Zendesk rejects $16 billion offer from private equity consortium

Zendesk Inc, the software company under activist shareholder pressure to abandon its $3.9 billion all-stock acquisition of the parent of online survey portal SurveyMonkey, said on Thursday it had rejected an acquisition offer from a consortium of private equity firms for as much $16 billion.

The offer from the private equity firms, which Zendesk did not identify, was in the range of $127 to $132 per share in cash, the San Francisco-based company said. Zendesk shares jumped 10.7per cent on Thursday to close at $114.18.
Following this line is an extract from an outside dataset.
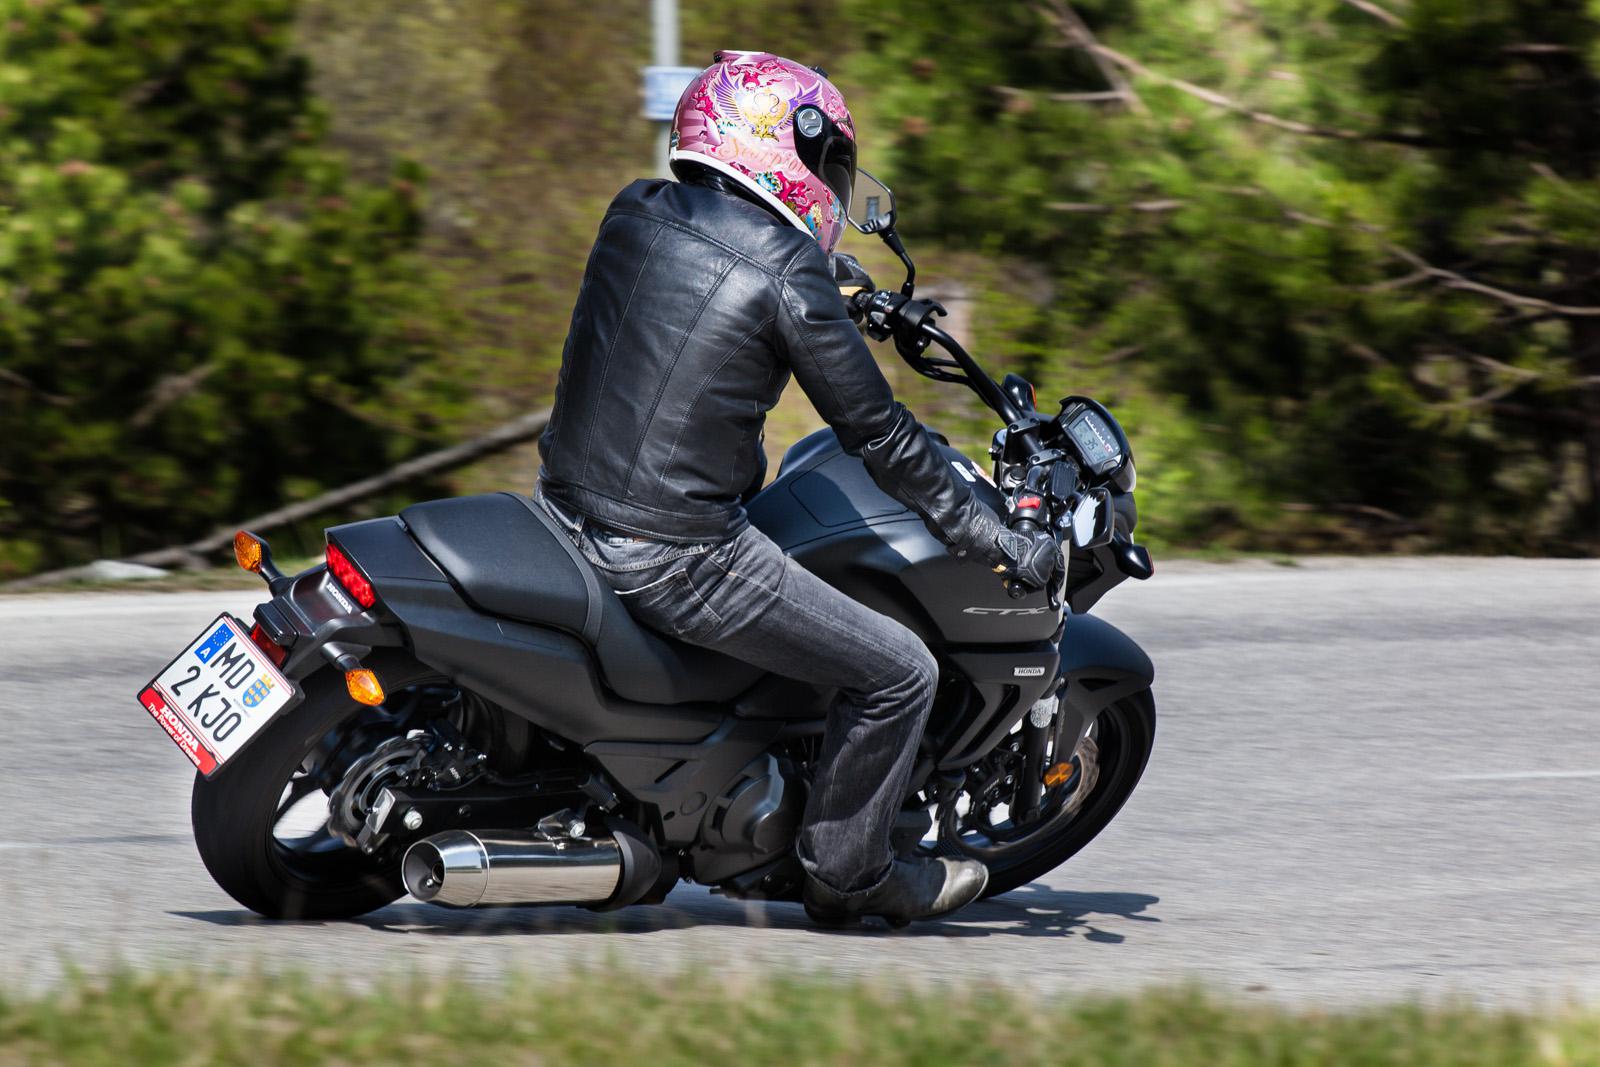 Тест-драйв мотоцикла honda ctx1300 от журналов "популярные моторы" и "5 колесо".

Zendesk said its board concluded that the non-binding proposal, which does not require it to abandon the SurveyMonkey deal, significantly undervalued it.

The company is facing calls from activist investors, including hedge fund Jana Partners LLC, to abandon its proposed acquisition of SurveyMonkey parent Momentive Global Inc , which it agreed in October.

Jana has called Zendesk’s plan to buy Momentive a “reactive and impulsive decision”.

Zendesk shareholders are scheduled to vote on the Momentive deal on Feb. 25. The Wall Street Journal reported on Thursday that Jana was preparing to nominate four directors to the company’s board and that Thoma Bravo had made a takeover approach to Zendesk.

Thoma Bravo is one of the private equity firms that has expressed interest in Zendesk but is not part of the private equity consortium that made the offer the company rejected, a person familiar wirh the matter said. Thoma Bravo and Jana declined to comment.